Uyuyan ve uyutulan insan…
Çare, “ölmeden önce ölme” halidir. Yani, Dünya hayatında iken, kendi öz muhasebesini yapma ve kendi ateşinde kavrulma halidir. Yapabildiğin kadar çok helalleşmek gerek herkes ile. Sonra da, geçmişin ile barışıp, gelecek kaygısı duymadan “AN”da yaşamaktır.
Şimdi düşünün;
- Eğer bu okuduğunuz ile barışıksanız bilin ki; tekamül yolculuğunun idrakinde, yani Sırat-ı Müstakim, yani doğru yoldasınız.
- Eğer bu okuduğunuzu anlıyor, fakat o aynaya bakmaya henüz cesaret edemiyorsanız, bilin ki; hayat çok yakında, “O” yola doğru sizi hafifçe arkanızdan itecek.

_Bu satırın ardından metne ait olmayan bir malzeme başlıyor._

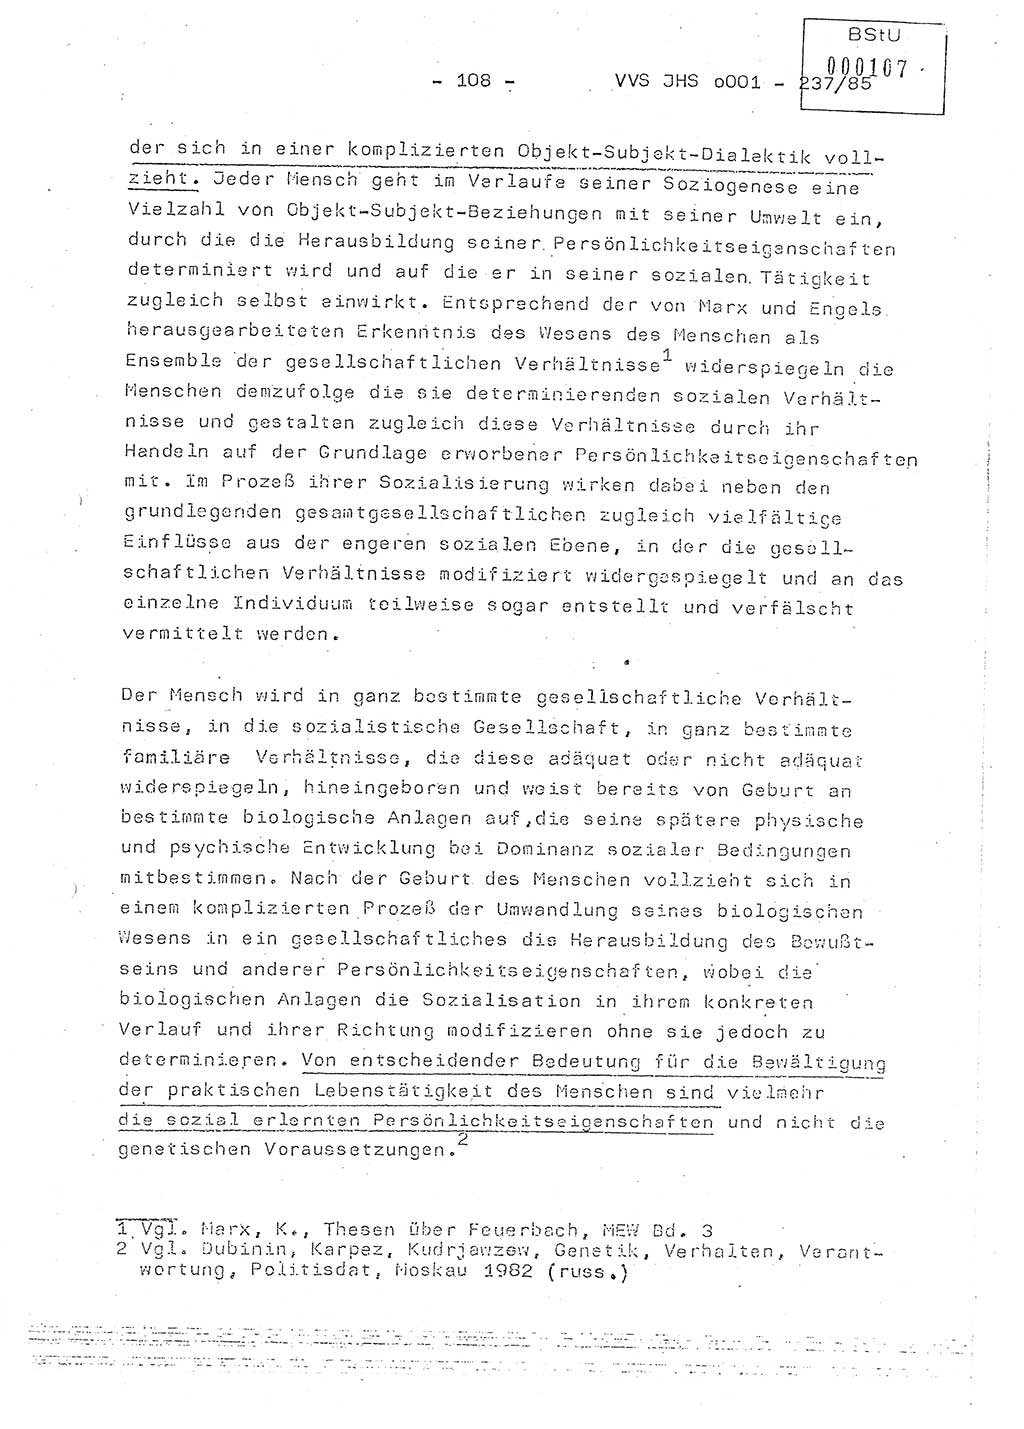 Dissertation Oberstleutnant Peter Jakulski (JHS), Oberstleutnat Christian Rudolph (HA Ⅸ), Major Horst Böttger (ZMD), Major Wolfgang Grüneberg (JHS), Major Albert Meutsch (JHS), Ministerium für Staatssicherheit (MfS) [Deutsche Demokratische Republik (DDR)], Juristische Hochschule (JHS), Vertrauliche Verschlußsache (VVS) o001-237/85, Potsdam 1985, Seite 108 (Diss. MfS DDR JHS VVS o001-237/85 1985, S. 108)

- Eğer bu okuduğunuz size saçma ve garip geliyorsa bilin ki; gaflet ve cehalet içindesiniz. Mühim değil. Er veya geç siz de “O” yola gireceksiniz. Tek fark ile, çok daha büyük kayıp ve acılardan sonra…
Ve sen, makamına-maaşına, işine-mesleğine, çevrene-itibarına, ailene-arkadaşına, parana-puluna güvenen, hatta kendini onlarla “Eş”leyen, yetmedi onlarla kendi benliğini zincirle “Bağlayan”, kibrinle dünyaya sığmayan sen…
Uyuyan ve uyutulan insan. Sen hangi yoldasın?
Okudum. Dinledim. Yaşadım. Anladım. Yazdım.